United States District Court, E.D. California

April 11, 2017

MICHALLA ALFARO BRITTANY, Plaintiff,
v.
UNITED STATES OF AMERICA, Defendant.

          FINDINGS AND RECOMMENDATIONS

          DEBORAH BARNES UNITED STATES MAGISTRATE JUDGE.

         Plaintiff, Michalla Alfaro Brittany, is proceeding in this action pro se. This matter was referred to the undersigned in accordance with Local Rule 302(c)(21) and 28 U.S.C. § 636(b)(1). Pending before the court is plaintiff's complaint and motion to proceed in forma pauperis pursuant to 28 U.S.C. § 1915. (ECF Nos. 1 & 2.) Therein, plaintiff seeks an “[a]nswer [to] a question about” her children.

         The court is required to screen complaints brought by parties proceeding in forma pauperis. See 28 U.S.C. § 1915(e)(2); see also Lopez v. Smith, 203 F.3d 1122, 1129 (9th Cir. 2000) (en banc). Here, plaintiff's application to proceed in forma pauperis and complaint are deficient. Accordingly, for the reasons stated below, the undersigned will recommend that plaintiff's application to proceed in forma pauperis be denied and plaintiff's complaint be dismissed without leave to amend.

         I. Plaintiff's Application to Proceed In Forma Pauperis

         Plaintiff's in forma pauperis application is incomplete. In this regard, plaintiff's in forma pauperis application states that in the past twelve months plaintiff received money from several sources. Plaintiff, however, fails to state the amounts received and if she expects to continue to receive those funds. (ECF No. 2 at 1.) Moreover, even a determination that a plaintiff qualifies financially for in forma pauperis status does not complete the inquiry required by the statute.

         “‘A district court may deny leave to proceed in forma pauperis at the outset if it appears from the face of the proposed complaint that the action is frivolous or without merit.'” Minetti v. Port of Seattle, 152 F.3d 1113, 1115 (9th Cir. 1998) (quoting Tripati v. First Nat. Bank & Trust, 821 F.2d 1368, 1370 (9th Cir. 1987)); see also McGee v. Department of Child Support Services, 584 Fed.Appx. 638 (9th Cir. 2014) (“the district court did not abuse its discretion by denying McGee's request to proceed IFP because it appears from the face of the amended complaint that McGee's action is frivolous or without merit”); Smart v. Heinze, 347 F.2d 114, 116 (9th Cir. 1965) (“It is the duty of the District Court to examine any application for leave to proceed in forma pauperis to determine whether the proposed proceeding has merit and if it appears that the proceeding is without merit, the court is bound to deny a motion seeking leave to proceed in forma pauperis.”).
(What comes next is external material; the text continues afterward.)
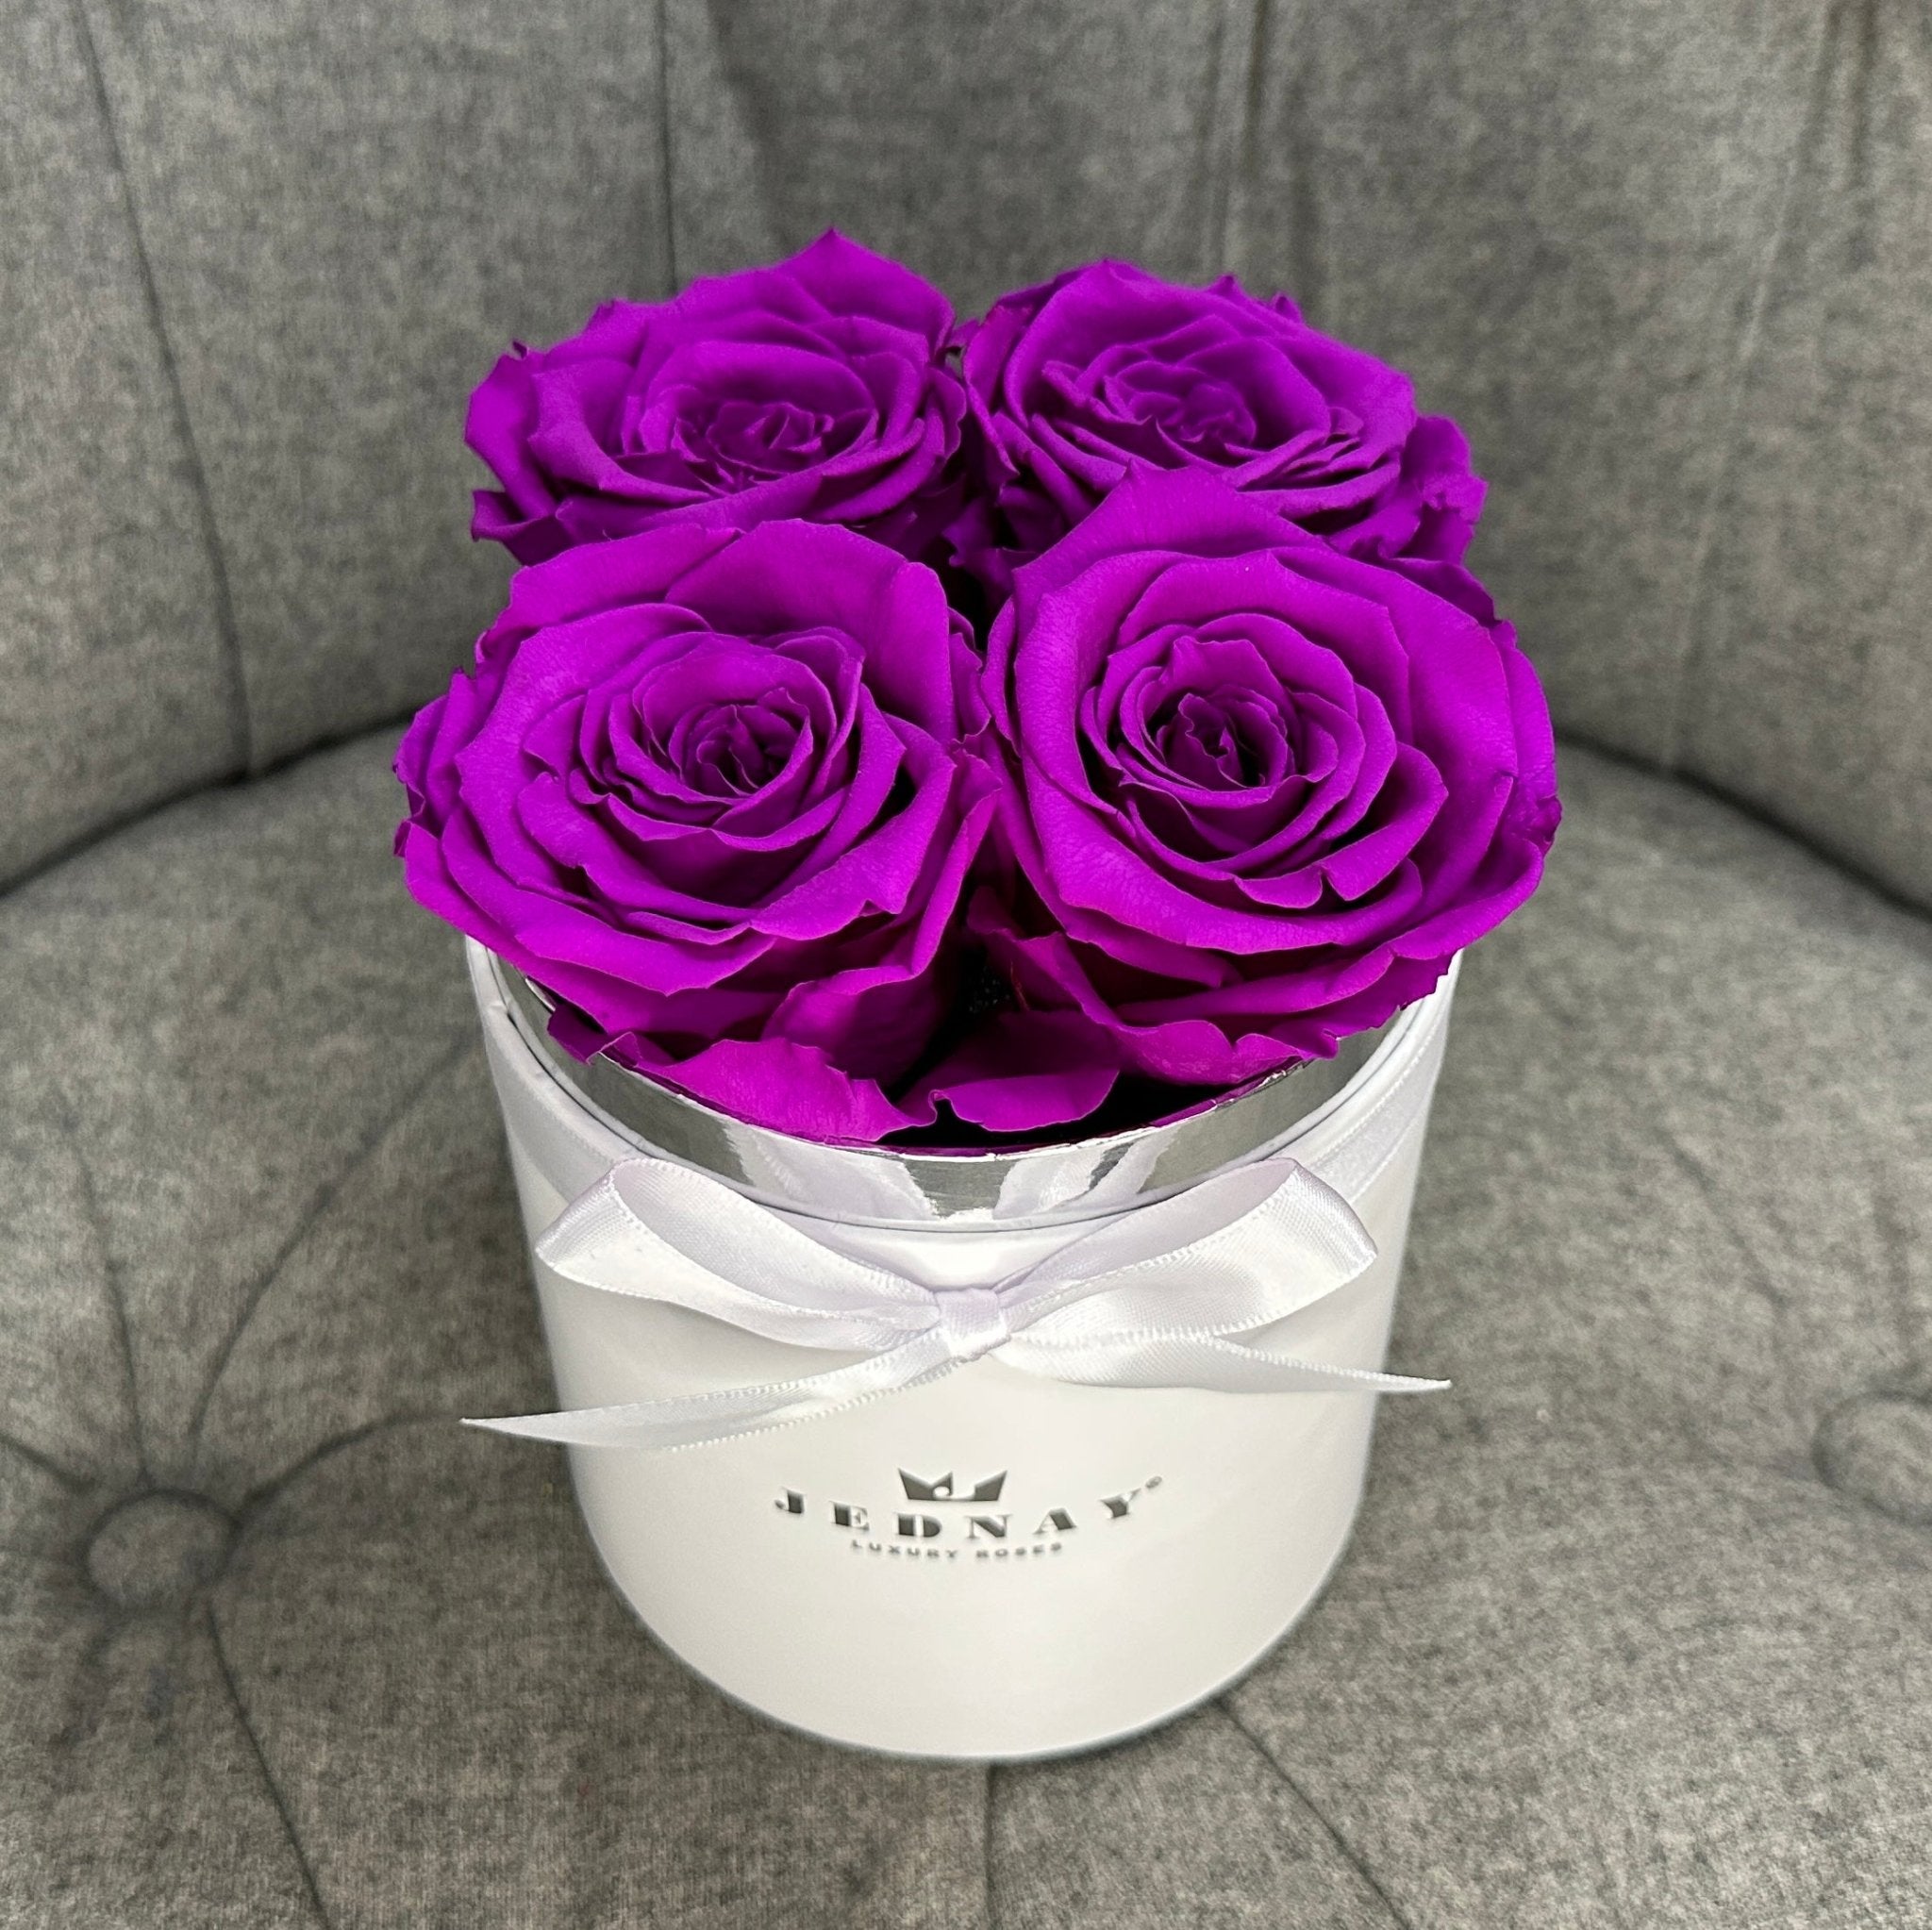 Petite Classic White Forever Rose Box - Purple Rain Eternal Roses - Jednay Roses

         The court must dismiss an in forma pauperis case at any time if the allegation of poverty is found to be untrue or if it is determined that the action is frivolous or malicious, fails to state a claim on which relief may be granted, or seeks monetary relief against an immune defendant. See 28 U.S.C. § 1915(e)(2). A complaint is legally frivolous when it lacks an arguable basis in law or in fact. Neitzke v. Williams, 490 U.S. 319, 325 (1989); Franklin v. Murphy, 745 F.2d 1221, 1227-28 (9th Cir. 1984). Under this standard, a court must dismiss a complaint as frivolous where it is based on an indisputably meritless legal theory or where the factual contentions are clearly baseless. Neitzke, 490 U.S. at 327; 28 U.S.C. § 1915(e).

         To state a claim on which relief may be granted, the plaintiff must allege “enough facts to state a claim to relief that is plausible on its face.” Bell Atlantic Corp. v. Twombly, 550 U.S. 544, 570 (2007). In considering whether a complaint states a cognizable claim, the court accepts as true the material allegations in the complaint and construes the allegations in the light most favorable to the plaintiff. Hishon v. King & Spalding, 467 U.S. 69, 73 (1984); Hosp. Bldg. Co. v. Trustees of Rex Hosp., 425 U.S. 738, 740 (1976); Love v. United States, 915 F.2d 1242, 1245 (9th Cir. 1989). Pro se pleadings are held to a less stringent standard than those drafted by lawyers. Haines v. Kerner, 404 U.S. 519, 520 (1972). However, the court need not accept as true conclusory allegations, unreasonable inferences, or unwarranted deductions of fact. Western Mining Council v. Watt, 643 F.2d 618, 624 (9th Cir. 1981).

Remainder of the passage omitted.